→ WORK REQUIRED
Leave the pictures out, and transcribe the material below exactly from the line with "The Light EP" to the line with "SetSail Scrub Brush, Heavy-Duty", both lines included.

*** Opening of PROVIDED DATA ***

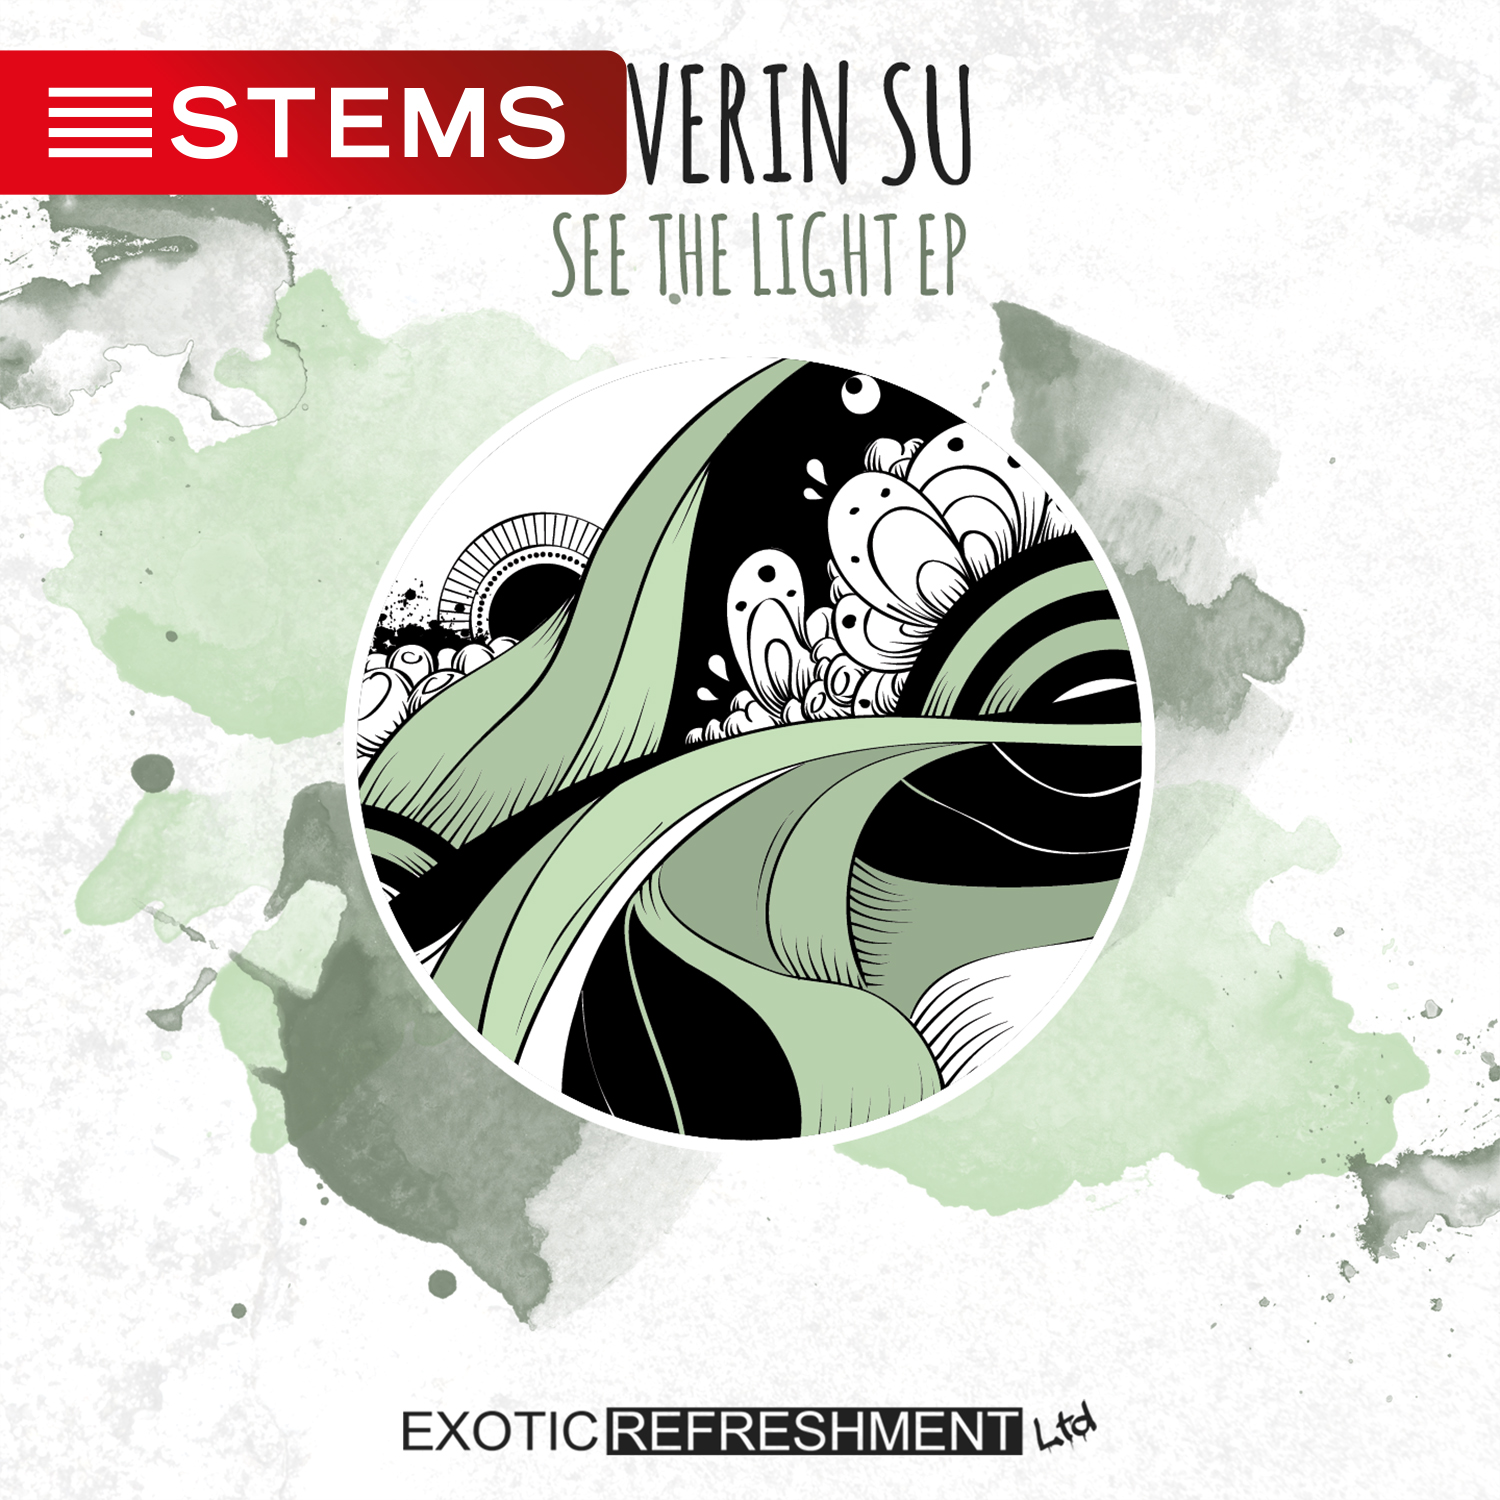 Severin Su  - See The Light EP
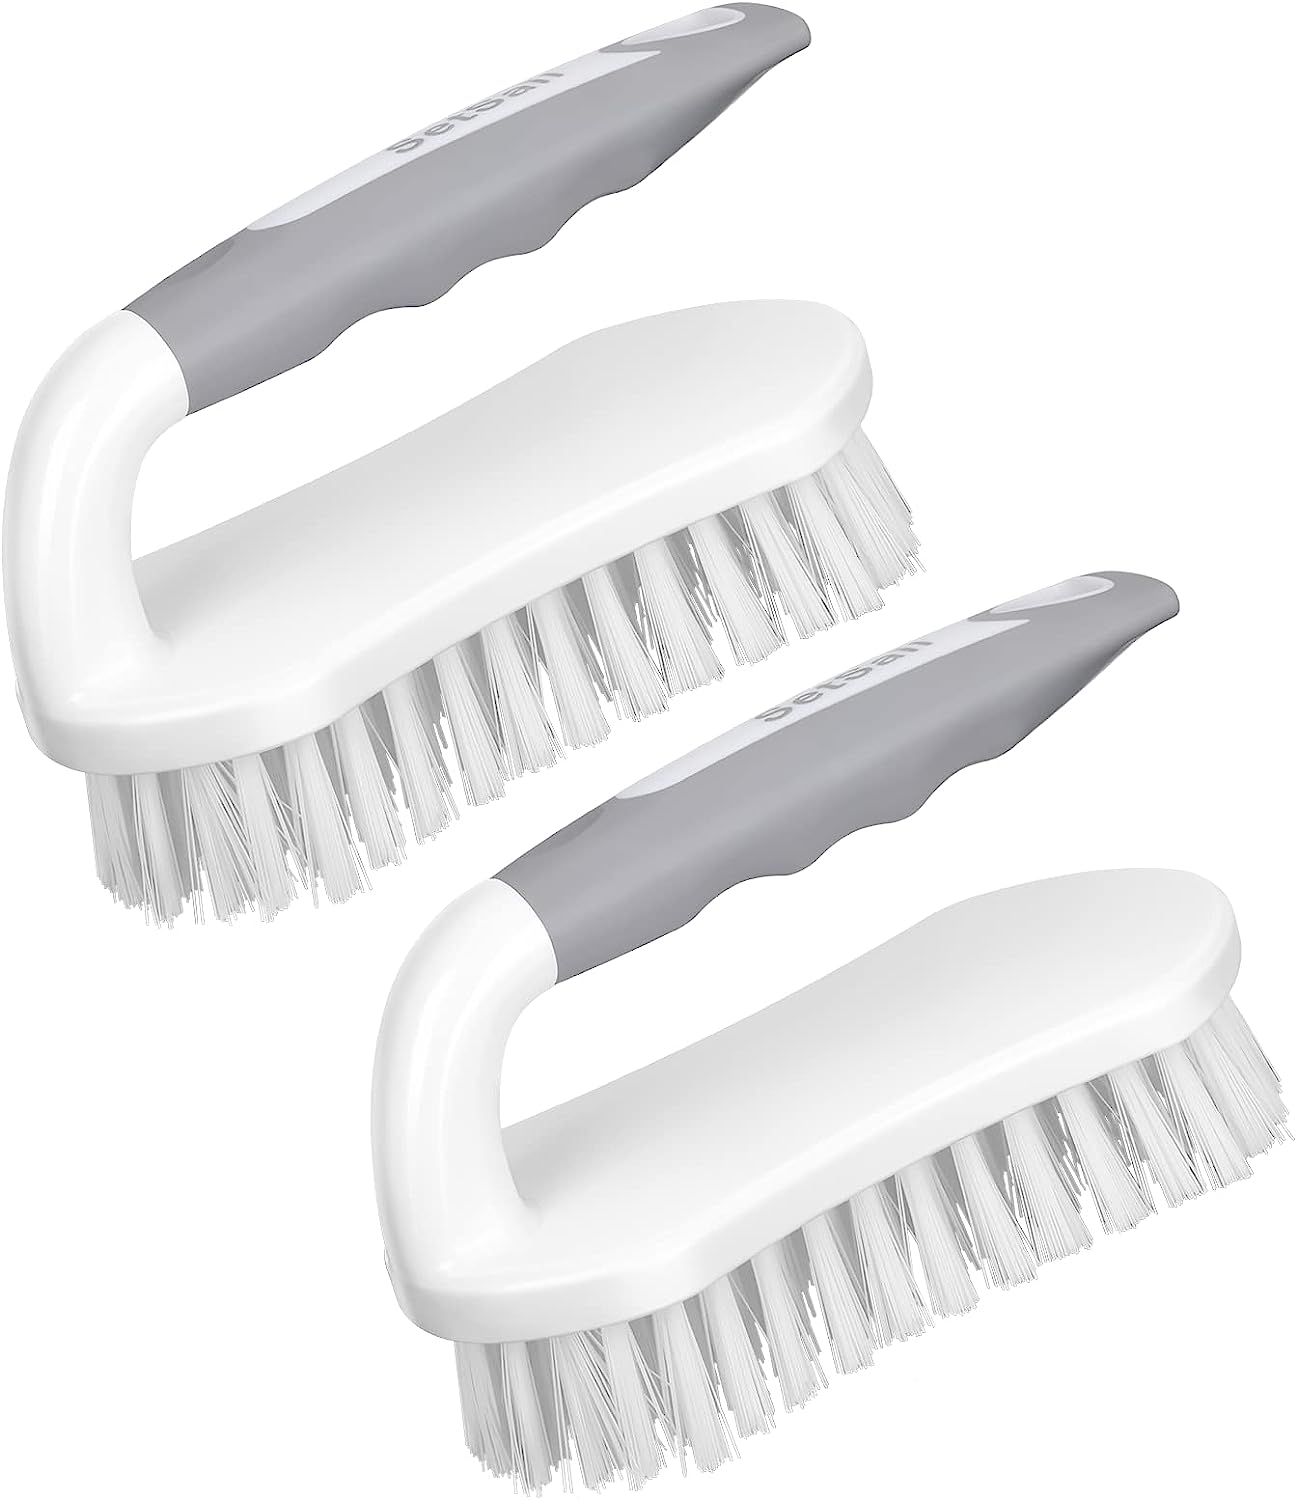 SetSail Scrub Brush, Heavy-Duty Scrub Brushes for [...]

*** Close of PROVIDED DATA ***
*** Opening of PROVIDED DATA ***

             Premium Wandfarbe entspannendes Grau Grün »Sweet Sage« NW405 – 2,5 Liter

*** Close of PROVIDED DATA ***
*** Opening of PROVIDED DATA ***

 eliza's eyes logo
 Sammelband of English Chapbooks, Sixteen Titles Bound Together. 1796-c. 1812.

*** Close of PROVIDED DATA ***

→ ANSWER AREA
 Severin Su  - See The Light EP
 SetSail Scrub Brush, Heavy-Duty Scrub Brushes for [...]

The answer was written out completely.